Del Toro convierte así la corporeidad en un espejo: el monstruo recuerda que todos habitamos cuerpos que, en mayor o menor medida, nos sobrepasan, nos fallan, nos marcan. Pero también cuerpos que narran quiénes somos. El suyo, por más construido que esté, por más ajeno que parezca, se vuelve símbolo de una verdad silenciosa: nadie elige la forma en que llega al mundo; lo que hacemos con esa forma es lo que define nuestra historia.
“La criatura mira como quien busca una verdad que nadie se atreve a pronunciar; en sus ojos, el mundo se vuelve un juicio silencioso.”
La mirada como revelación: ética y percepción en el monstruo
Si hay un gesto que define la versión de Frankenstein de Guillermo del Toro, es la mirada de la criatura. No una mirada aterradora, sino una que interroga. Del Toro ha dicho en múltiples ocasiones que lo que le interesa de los monstruos no es su capacidad para causar miedo, sino su potencial para decir la verdad. La criatura mira, y al mirar nos obliga a sostener una pregunta que rara vez formulamos: ¿qué ve alguien que es rechazado antes de ser comprendido?

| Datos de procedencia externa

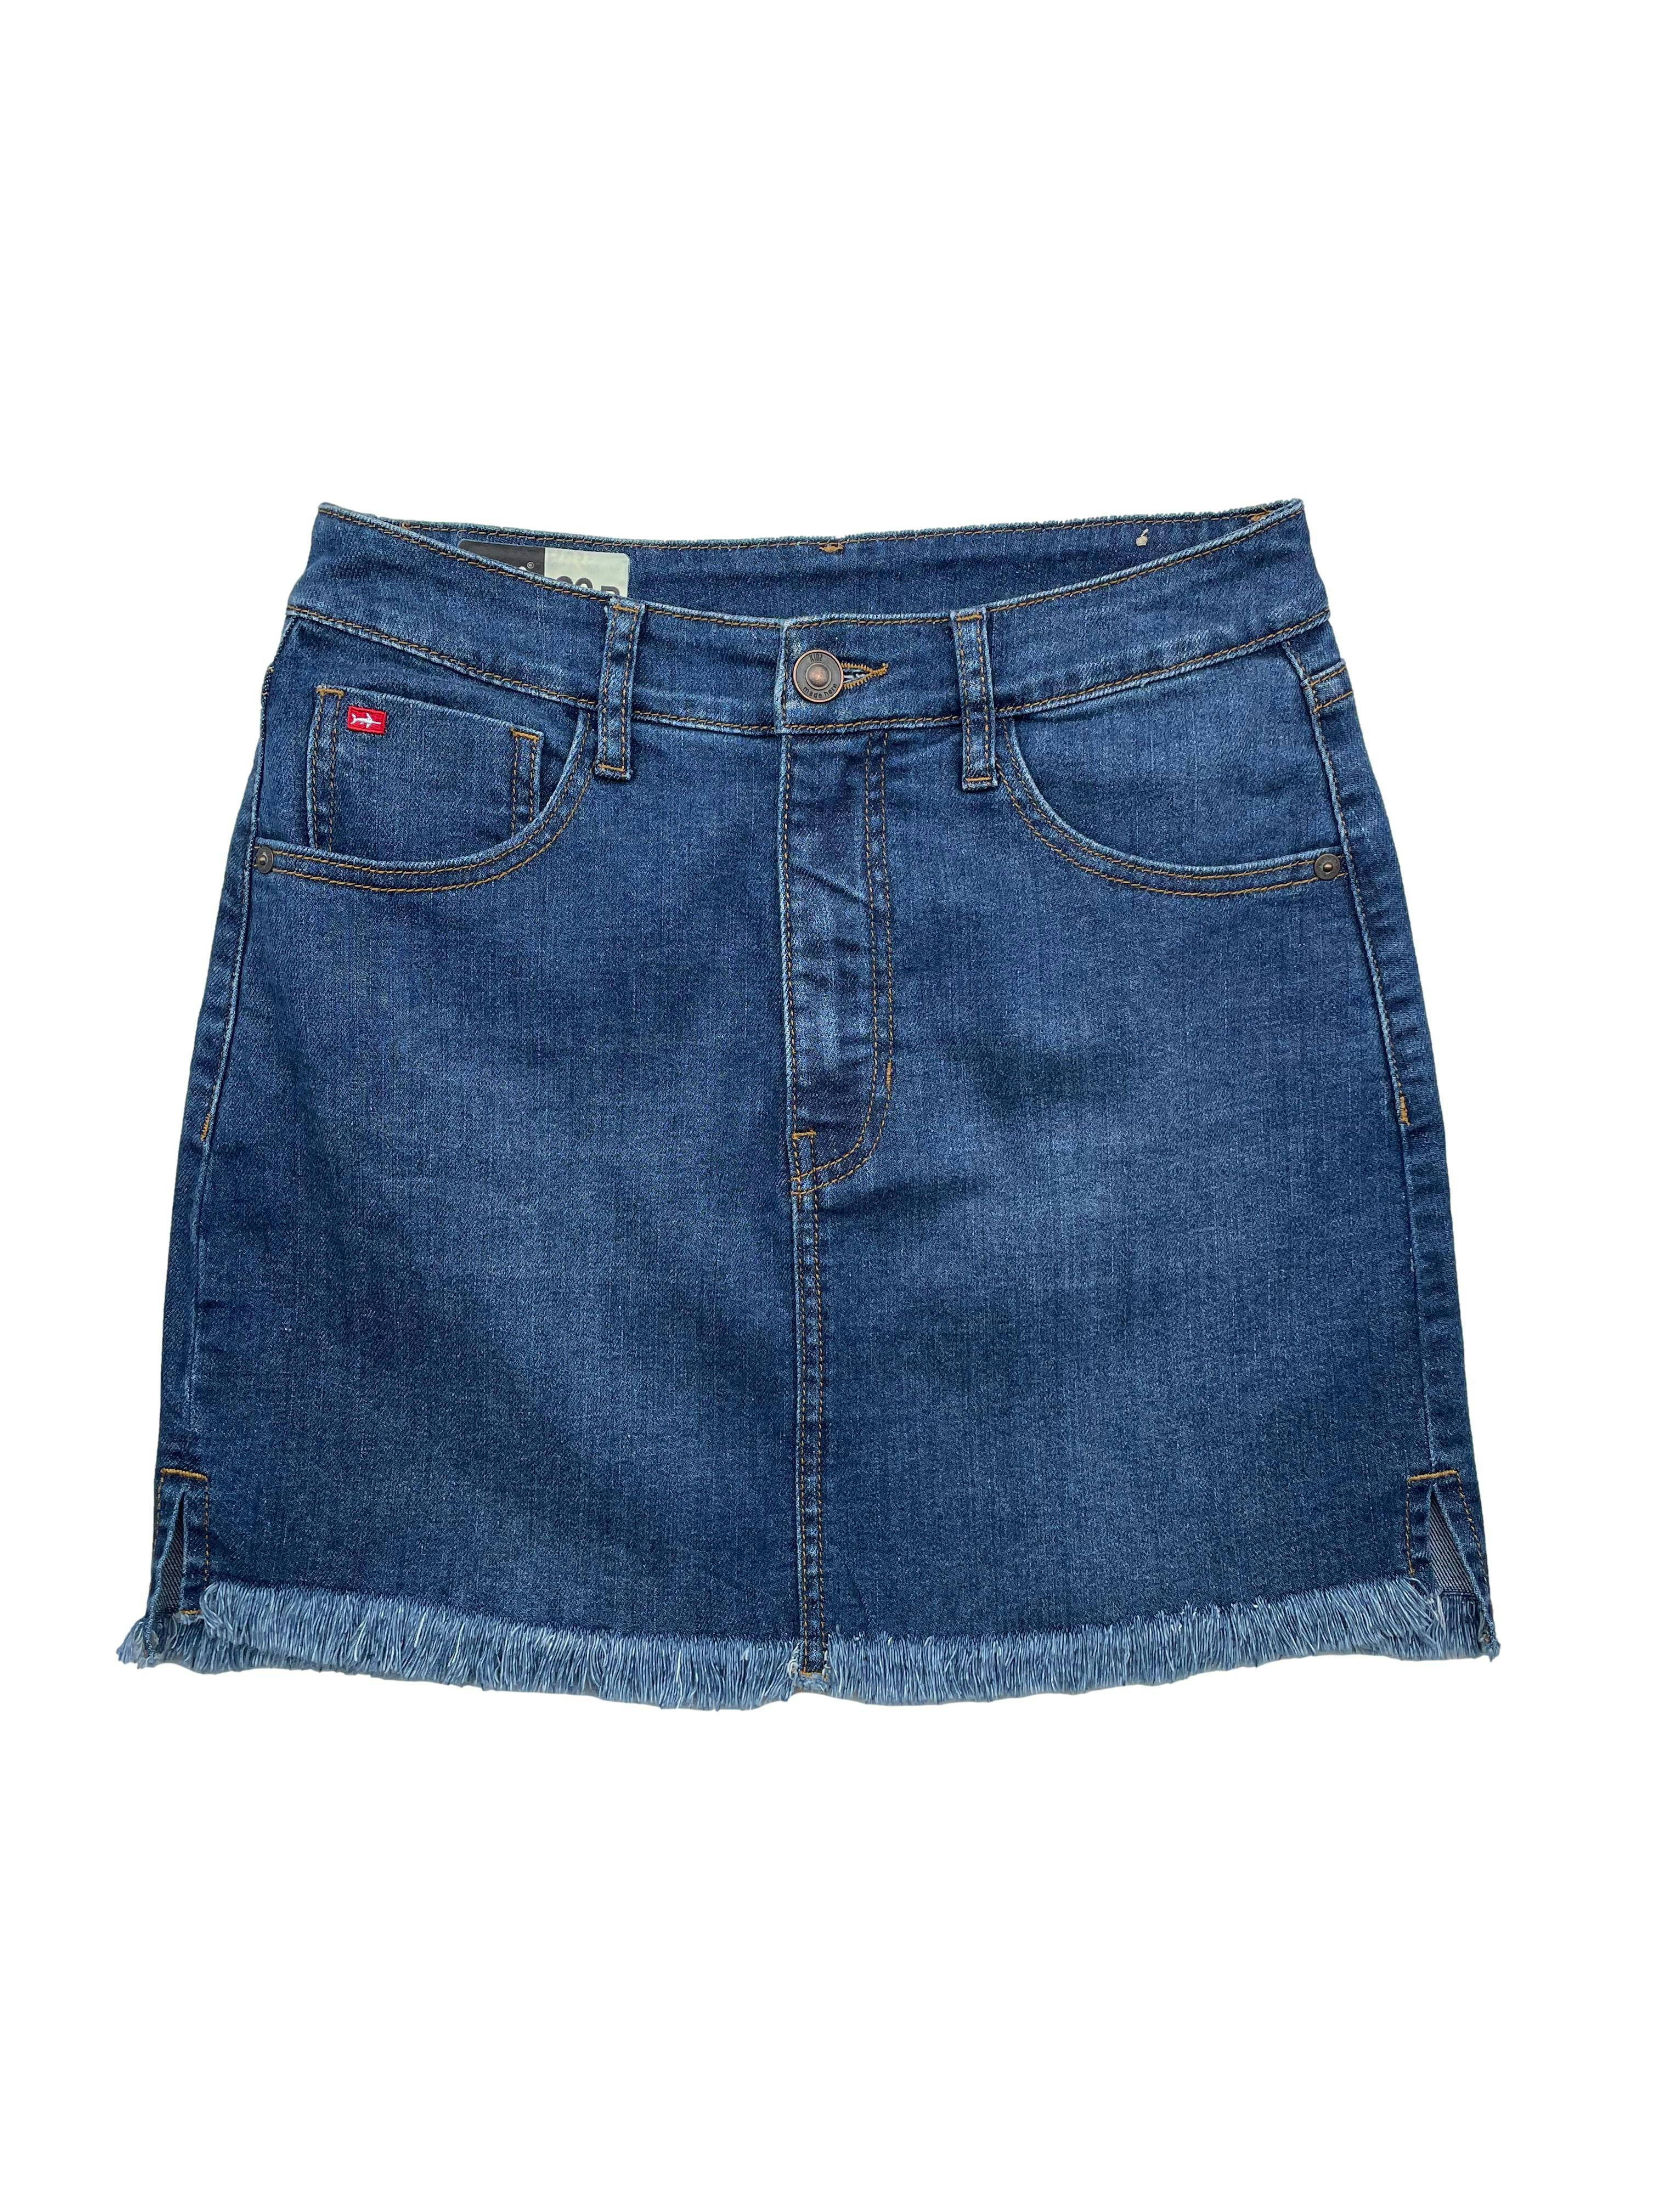 Falda Kids made here de jean ligeramente stretch, con 5 bolsillos, basta desflecada y aberturas laterales. Cintura 68cm, Largo 40cm.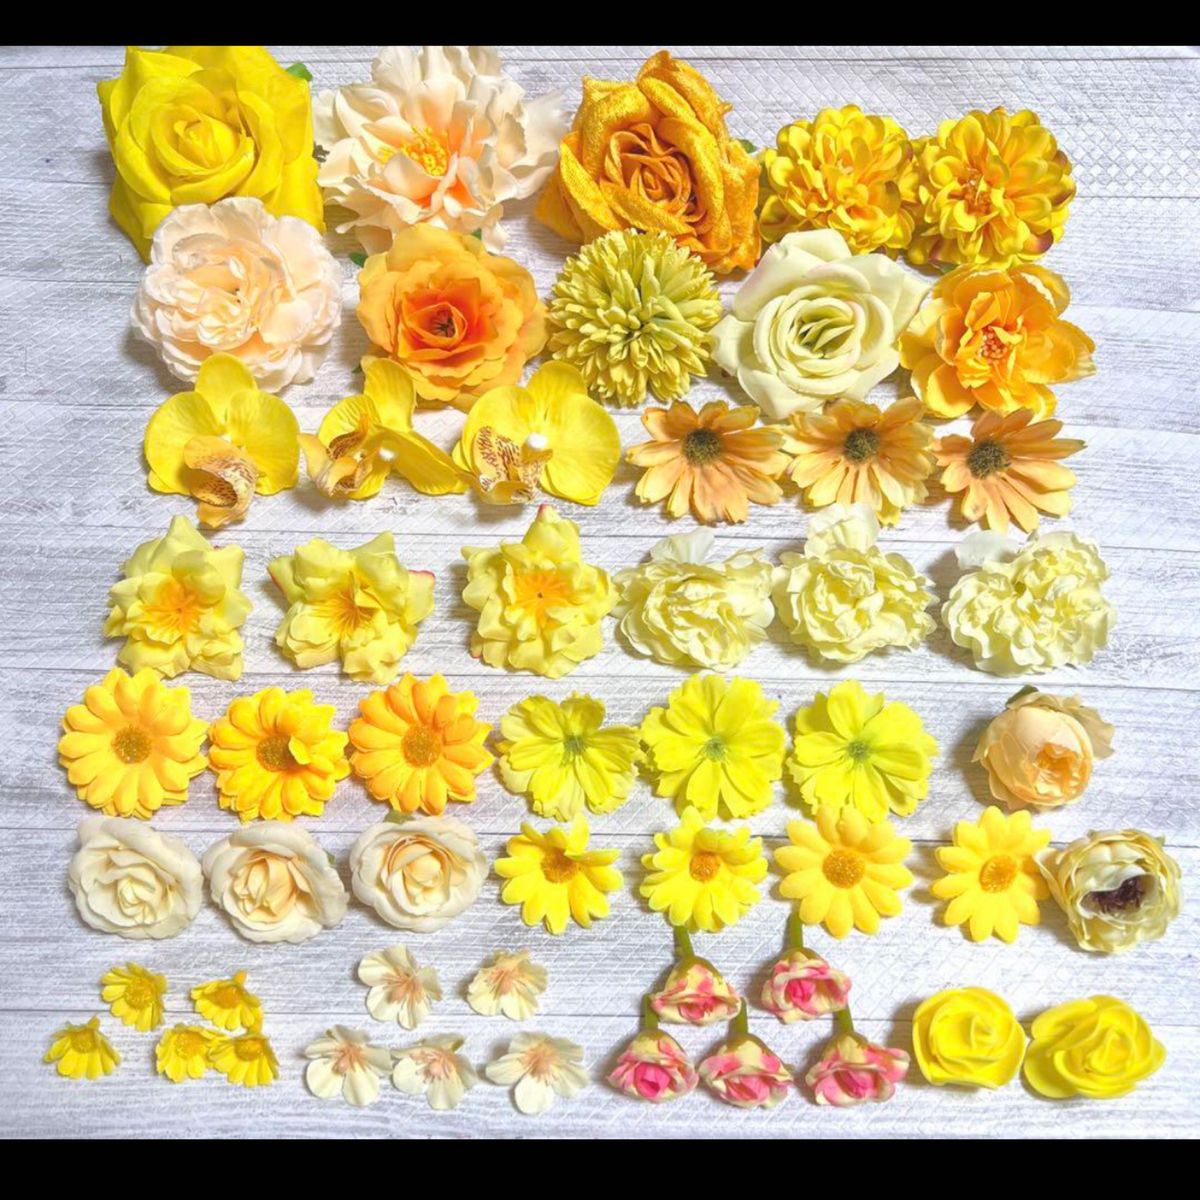 NO 0910-03 造花 花材 まとめ売り ハンドメイド 素材 セット 花 アーティフィシャルフラワー リース 黄色いバラ

En la novela original, Shelley describe un momento en que la criatura observa su reflejo por primera vez: “Al principio no entendí que era yo, pero cuando me convencí, sentí la amargura más amarga” (Frankenstein, 1818). Esa amargura es central para el personaje: nace sin lenguaje pero no sin sensibilidad. Entiende el rechazo incluso antes de conocer la palabra que lo nombra. Del Toro recupera esa intensidad emocional y la amplifica, no con discursos explicativos, sino con la forma en que filma los ojos del monstruo: siempre abiertos, siempre vulnerables, siempre atentos a un mundo que no le ha dado la bienvenida.
La mirada, en esta adaptación, no es un recurso narrativo, sino un principio ético. Del Toro insiste en que ver implica responsabilidad. Quien mira a la criatura no solo la observa: la juzga, la clasifica, la reduce. Pero la criatura también ve, y su mirada devuelve ese juicio con una mezcla de dolor, desconcierto y una forma embrionaria de dignidad. Ver y ser visto se convierten en los ejes que determinan la relación entre el monstruo y la humanidad. En esa reciprocidad tensa reside uno de los grandes logros de la película.
Hay una escena —de apariencia simple pero de una carga emocional contundente— en la que la criatura fija los ojos en Víctor, no con odio, sino con una desconcertante expectativa. Es la mirada de alguien que desea una explicación para su existencia, una explicación que no llega. Víctor, incapaz de sostener esa responsabilidad, aparta la vista. Ese gesto, casi imperceptible, resume la tragedia: el creador es incapaz de mirar de frente aquello que ha creado.
Del Toro construye toda esta dinámica visual utilizando su característico lenguaje cinematográfico, donde la luz y el encuadre funcionan como extensiones del alma de los personajes. La iluminación tenue, que envuelve la piel de la criatura con una textura casi líquida, permite que los ojos destaquen como puntos de vida que se aferran a comprender. En ocasiones, la luz parece seguir la dirección de su mirada, como si el mundo solo existiera allí donde él lo observa. Esta sutileza convierte cada plano en una conversación íntima entre la criatura y el espectador.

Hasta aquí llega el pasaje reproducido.